Aim of the task: Pictures stay out of the answer, but every line of the material must be restated exactly.

Source material:

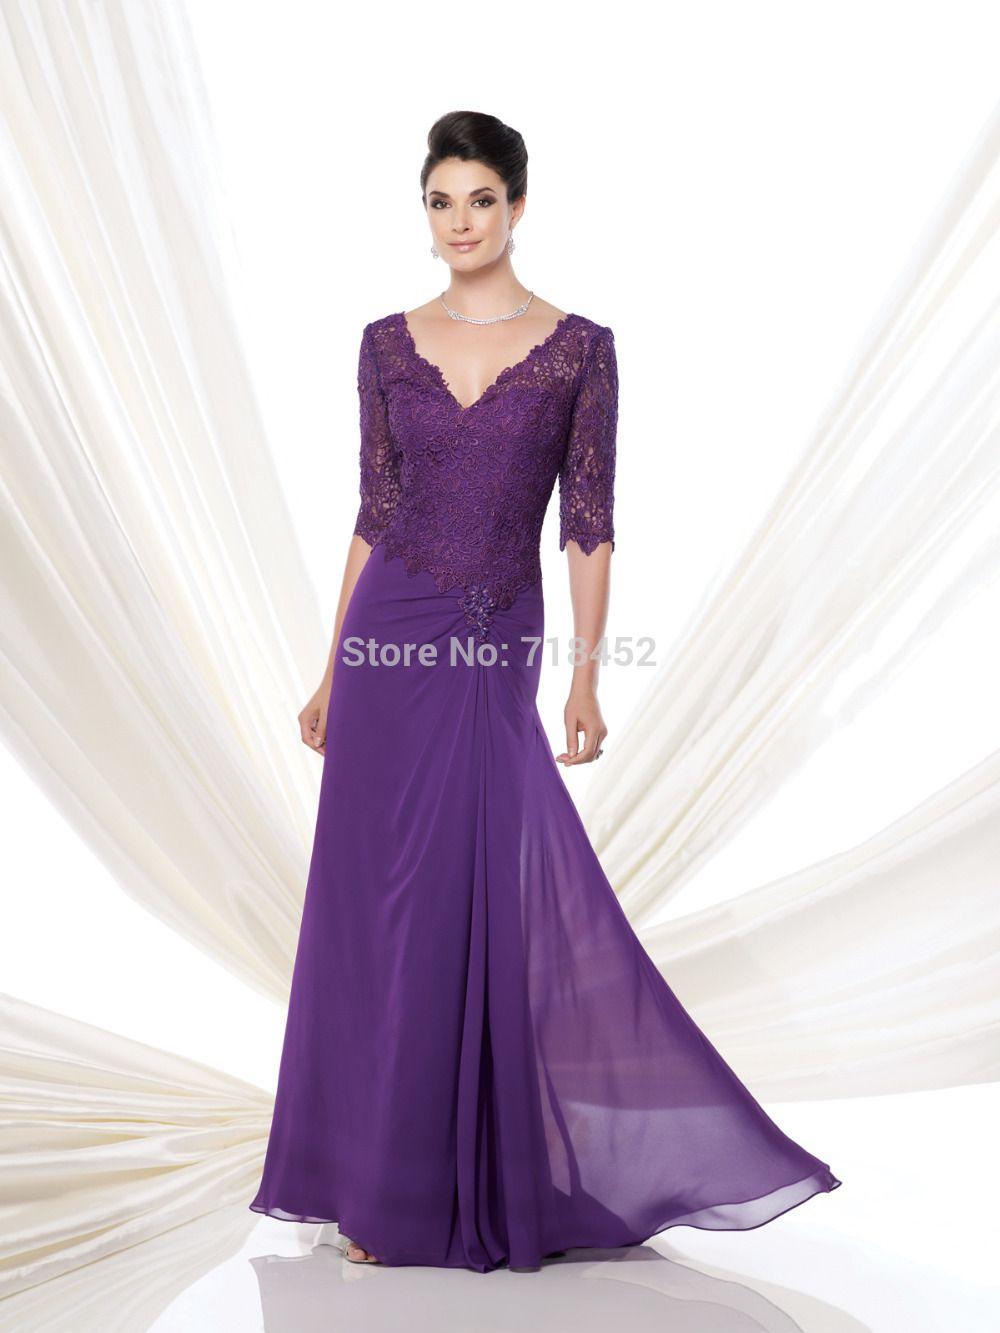 Cheap Moda diseño púrpura de la gasa de la madre de novia vestido ...
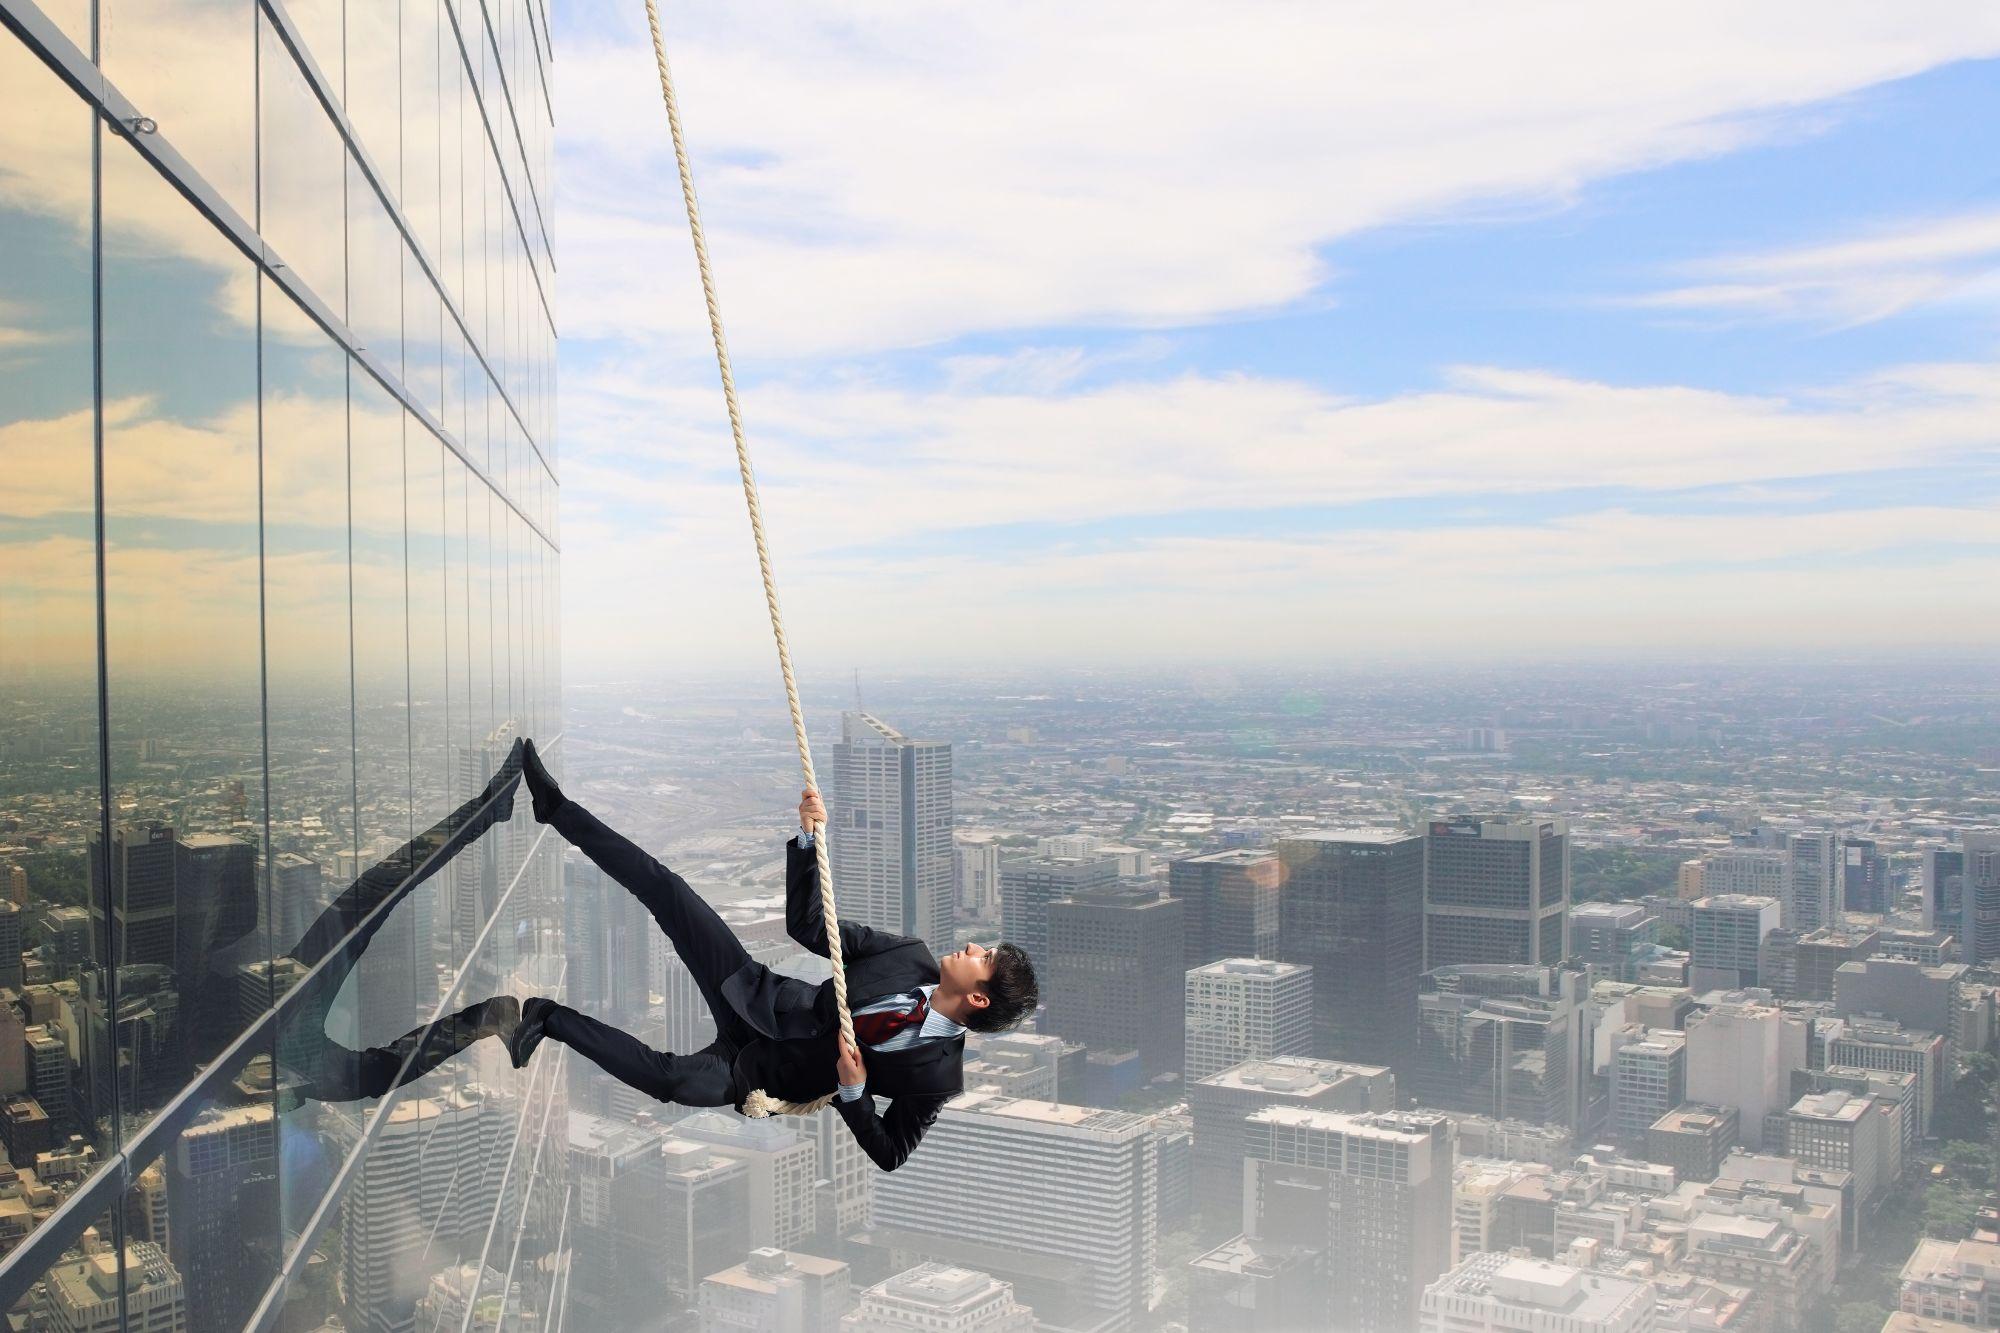 איש עסקים מטפס על קיר, אילוסטרציה למסע אל העמוד הראשון בגוגל
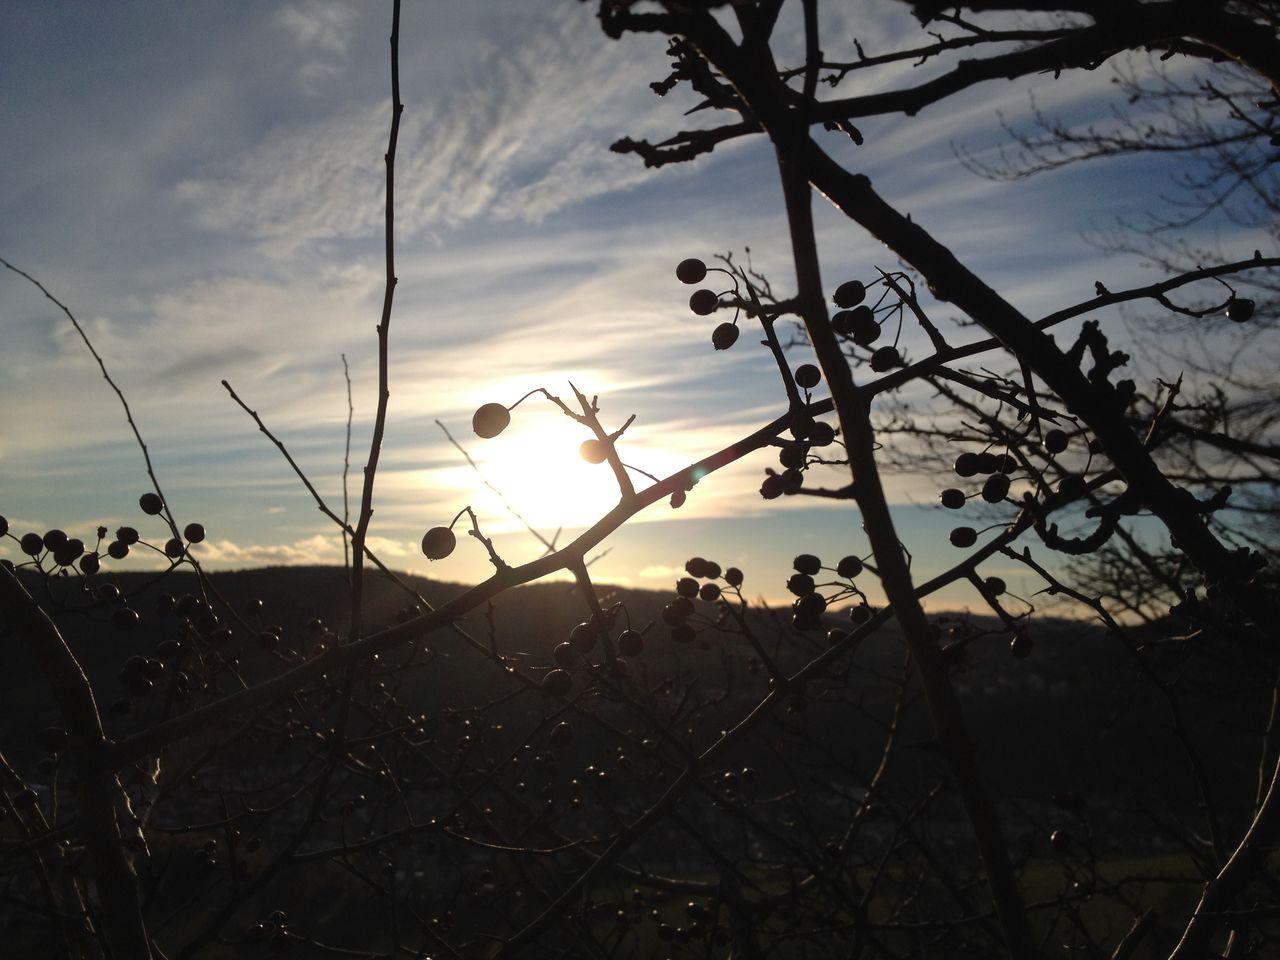 Sonnenbilder IMG_3061
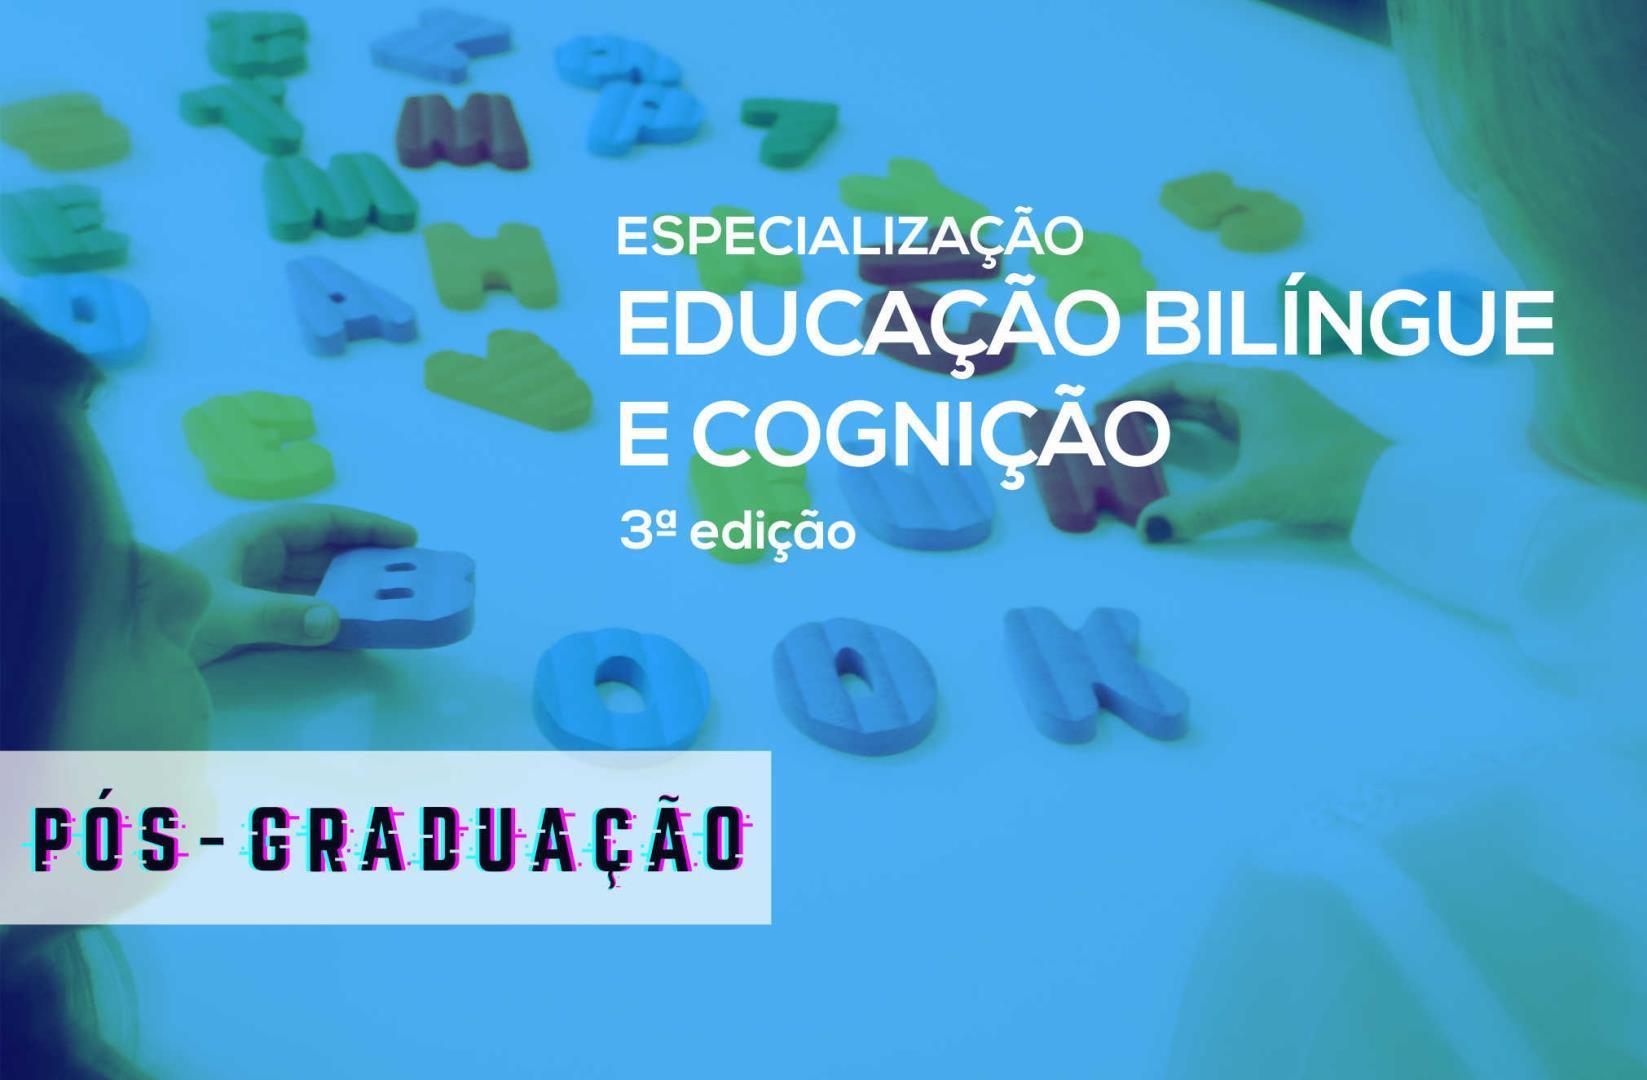 Especialização em Educação Bilíngue e Cognição - Novo Hamburgo - 3ª edição

Solution for this exercise:
 Cheap Moda diseño púrpura de la gasa de la madre de novia vestido ...
 איש עסקים מטפס על קיר, אילוסטרציה למסע אל העמוד הראשון בגוגל
 Sonnenbilder IMG_3061
 Especialização em Educação Bilíngue e Cognição - Novo Hamburgo - 3ª edição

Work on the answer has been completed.